With a large enough number of clients, at some scale no single node will be able to support the workload and maintain reasonable performance. This means that WAMP clients need to be distributed over all the nodes running a WAMP router. Events and RPC calls received by one router must be forwarded to the other router(s) that have clients consuming those messages.

Clients must connect to the routers, in a pool of routers, so that each router handles a equal share of the clients. This can be accomplished by a load balancer, round-robin DNS, etc., or less efficiently by a ha-client connecting to any single router, retrieving a list of routers in the pool and then choosing one to connect to.

The message forwarding between routers can be accomplished by a specialized client (federation agent), that is running locally to each router (probably as an in-process client in the case of nexus). That federation agent is capable of:

  • Discovering other routers (discovery)
  • Subscribing to an event with all other routers, for each subscription (a subscription has one or more subscribers) on the host router. (event delegation)
  • Registering a procedure with all other routers, for each registration (a shared registration can have multiple callees) on the host router. (procedure delegation)
  • Mapping a response from another router into a response to the original requesting client (response translation)

Pub/Sub Delegation

When a client subscribes to a ha-router and creates a new subscription, the router's federation agent detects this as a wamp.subscription.on_create meta event. This triggers the federation agent to subscribe to the same URI, with the same match policy, on all other remote ha-routers. No matter which ha-router an event is published to, the event is routed directly or via delegate to the subscriber. When the last subscriber to a topic unsubscribes or leaves, the federation agent detects that as a wamp.subscription.on_delete and unsubscribes from all other remote ha-routers.
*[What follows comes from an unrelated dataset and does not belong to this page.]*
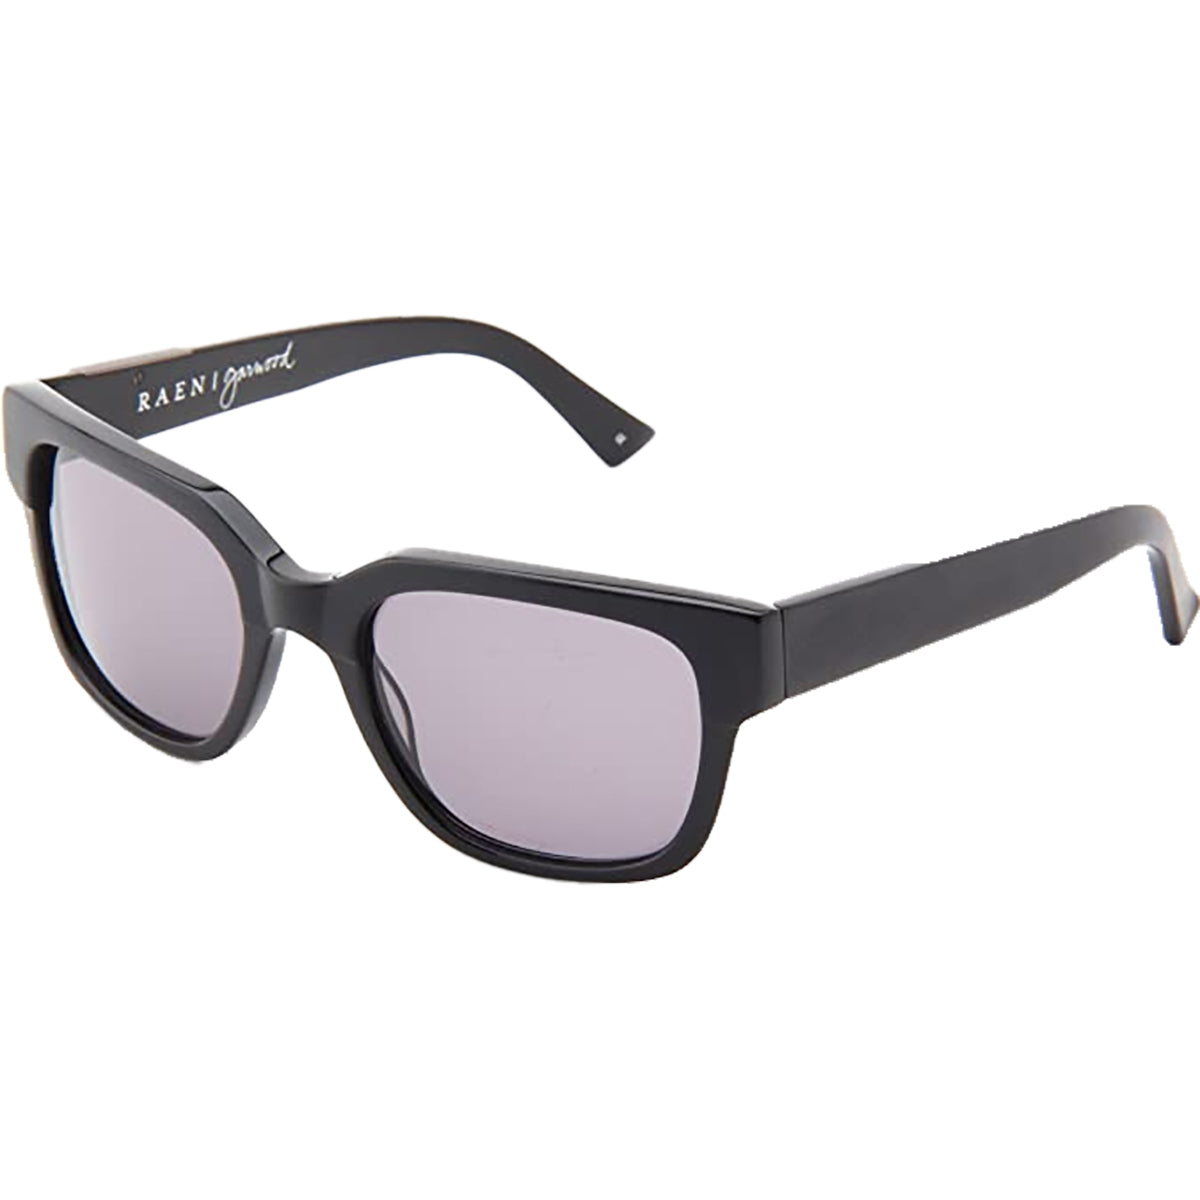 Raen Garwood Wayfarer Men's Lifestyle Sunglasses-GAR-018-MBK-SMK

This method of delegation keeps the routing table limited to the number of subscribing clients attached directly to the host router plus the number of other remote routers that have any subscribing clients. In other words, a remote router's federation acts as a single client subscribing to an event no matter how many subscriber sessions the remote router is managing.

RPC Delegation

RPC registration is handled similarly, with the local federation agent registering the a procedure with all other remote ha-routers when a registration is created, and unregistering when a registration is deleted. The federation agent registers the delegated procedure with remote routers as "shared", so that if the same procedure is provided by a client at another router, the routers without a direct callee for that procedure can distribute calls to all routers that have a callee for it. If the original registration is shared then the same invocation policy (roundrobin, random, first, etc.) is used. Otherwise, the configured default is used. The use of shared registrations is a way to provide client scalability where the RPC workload is divided among multiple clients.

Router Redundancy

Router redundancy could mean different things.

  • A client only knows of other routers so that it can connect to an alternate choice in case its current router becomes unavailable.
  • A client maintains an active connection to multiple routers, and has redundant subscriptions and registrations at each router. If a router becomes unavailable, the client will still receive events and RPC calls through other redundant router(s).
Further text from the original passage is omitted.